The central intelligence of ants – the way ant colonies organize themselves without a leader and get things done – continues to amaze scientists and science writers alike. Back in 2003, Deborah Gordon, a Stanford biologist, gave a whole TED Talk called “How Do Ants Know What to Do?,” which sheds light on how ants can form stunningly complex, leaderless systems. Then, several years later, RadioLab continued to mull over Gordon’s fascinating research in one of its very first episodes.

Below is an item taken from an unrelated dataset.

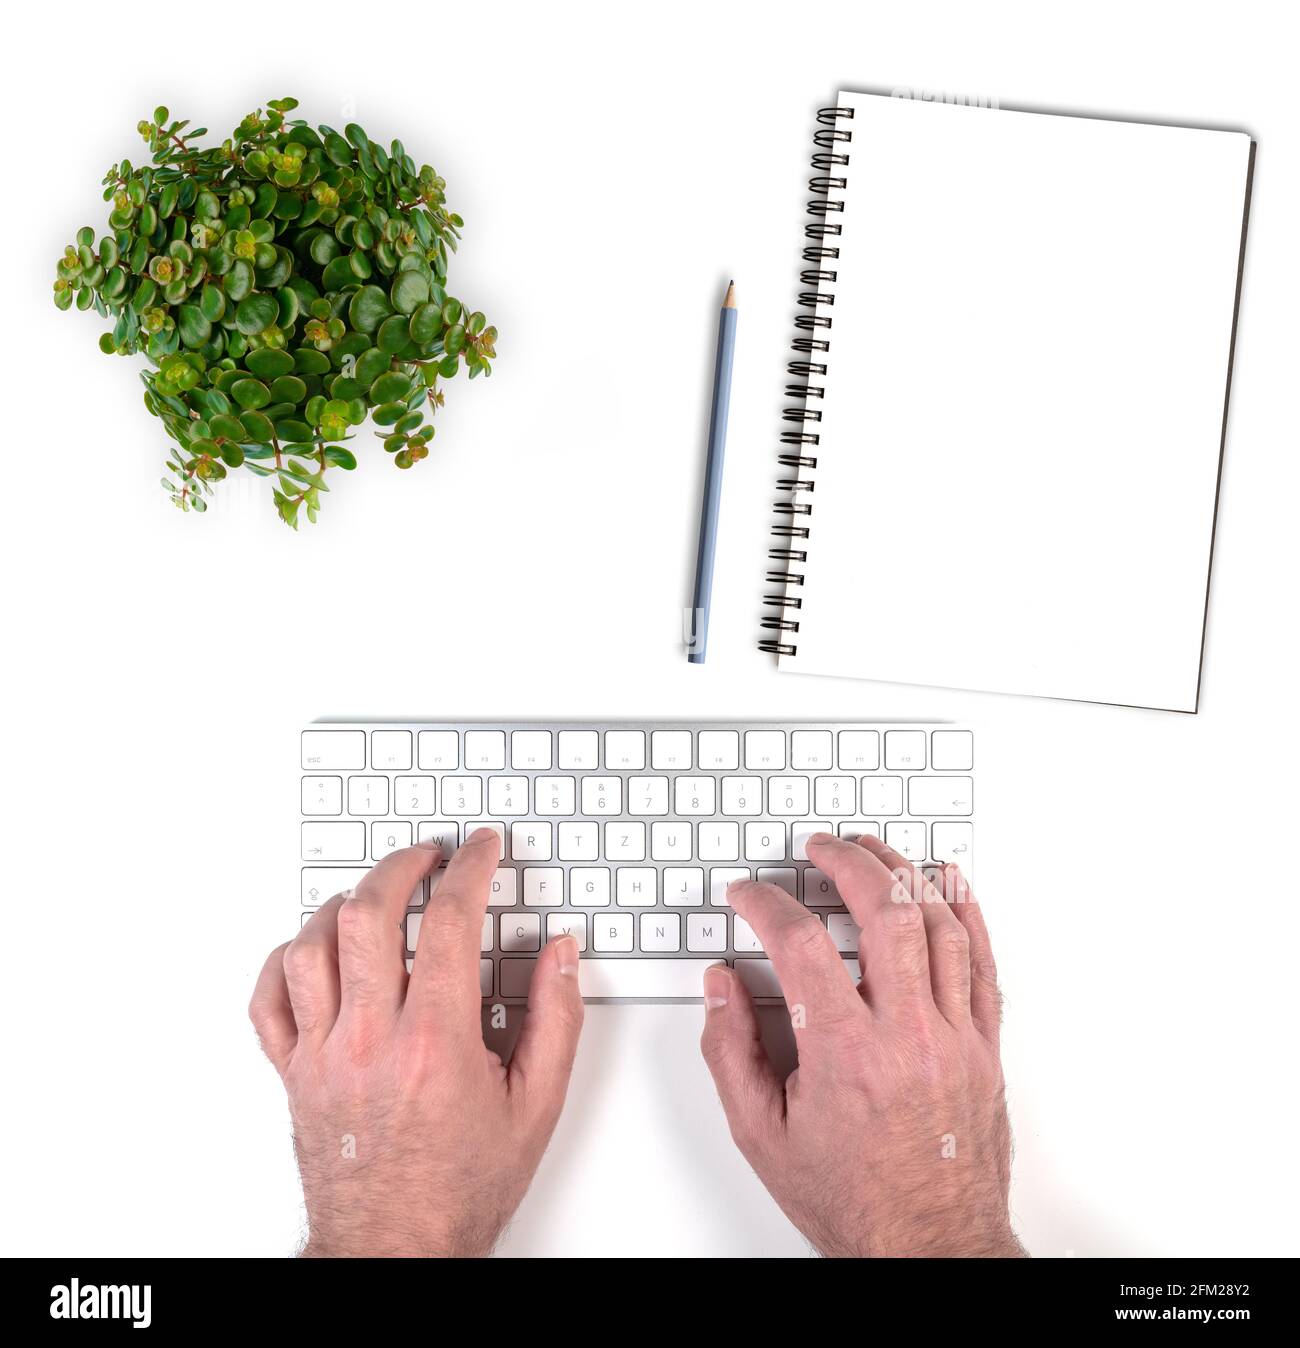 Draufsicht der Person, die auf der kabellosen Computertastatur auf tippt Weißer Schreibtisch mit Topfpflanze und Notizblock mit Bleistift Stockfoto

Now we get this great bit of video. It comes to us via researchers at the Georgia Institute of Technology, and it shows how ants, when placed in water, can form a completely watertight raft in under two minutes.Scientists have revealed how the insects avoid mass drownings in the rainforests by clinging to one another to form huge rafts from their bodies. The remarkable survival strategy belongs to South American fire ants, whose rainforest homes are subject to regular flooding.As soon as water starts trickling into their nest, the ants spring into action, evacuating their home and drifting along en masse, looking for higher ground.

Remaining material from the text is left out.